The 2015-16 fiscal year has started with a slowdown in manufacturing, an HSBC survey has indicated.
The HSBC India Purchasing Managers’ Index (PMI) stood at 51.3 in April, down from 52.1 in March.
Commenting on the PMI, Pollyanna De Lima, Economist at Markit, the agency which compiles the data, said despite recording softer rates of expansion, the Indian manufacturing sector held its ground in April, benefiting from ongoing improvements in operating conditions.
A highlight of the latest survey was the strong external market, with the rise in new export business.
No job creation “However, we are yet to see growth lead to meaningful job creation, as the index measuring employment has shown little change to staff numbers since the beginning of 2014.
"On the price front, tariffs fell for the first time since May 2013, as firms responded to weaker cost inflation.
“Even with the slower pace of expansion, the goods-producing sector is on course to provide a boost to the overall economy,” she said.

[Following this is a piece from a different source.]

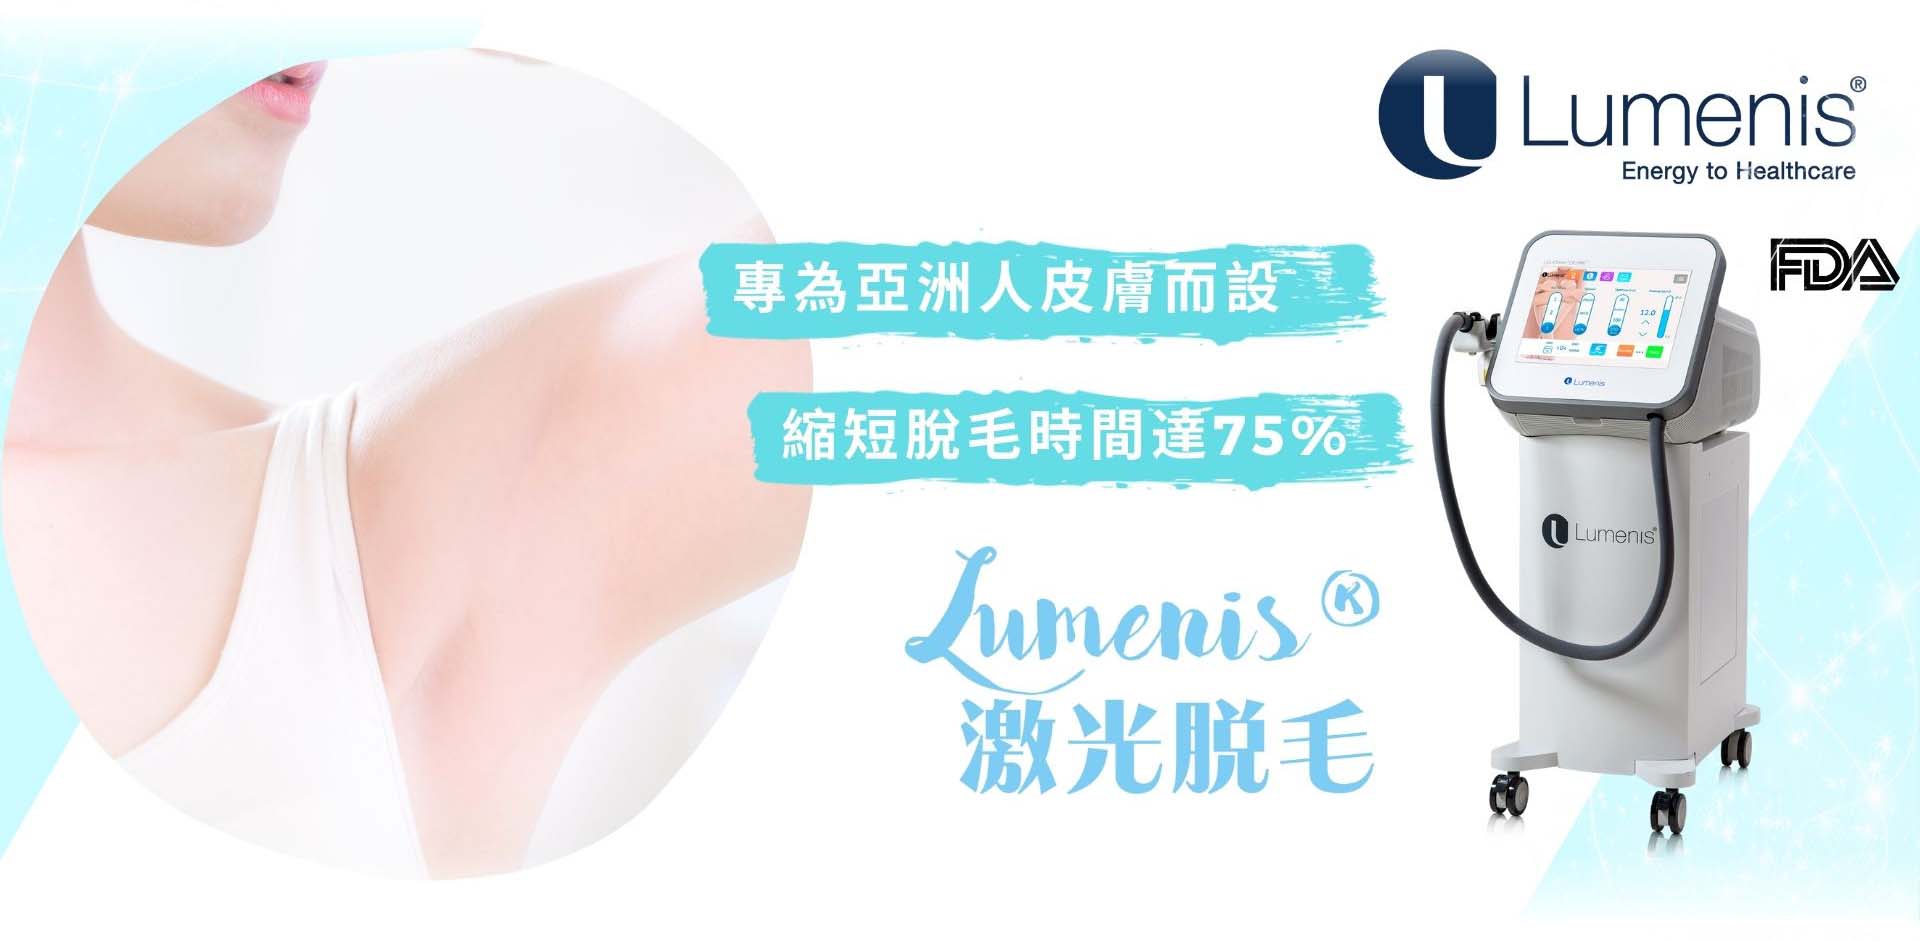 全球最大的激光系統製造公司Lumenis®  專為亞洲人皮膚而設計

The PMI is a measure of factory production and based on data compiled from monthly replies to questionnaires sent to purchasing executives in around 500 manufacturing companies.
An index above 50 shows expansion, while one below 50 indicates contraction.
Taking note of the manufacturing slowdown, Anis Chakravarty, Senior Director with Deloitte, said despite growth slowdown, higher output levels were seen in all the monitored goods categories, with the crucial capital goods segment recording the strongest growth and consumer durables recording the lowest, reflecting the fact that domestic demand was yet to pick up.
However, he felt, even as input prices paid by producers rose for the second consecutive month, average selling prices declined for the first time in almost two years highlighting the scope for further easing of monetary policy.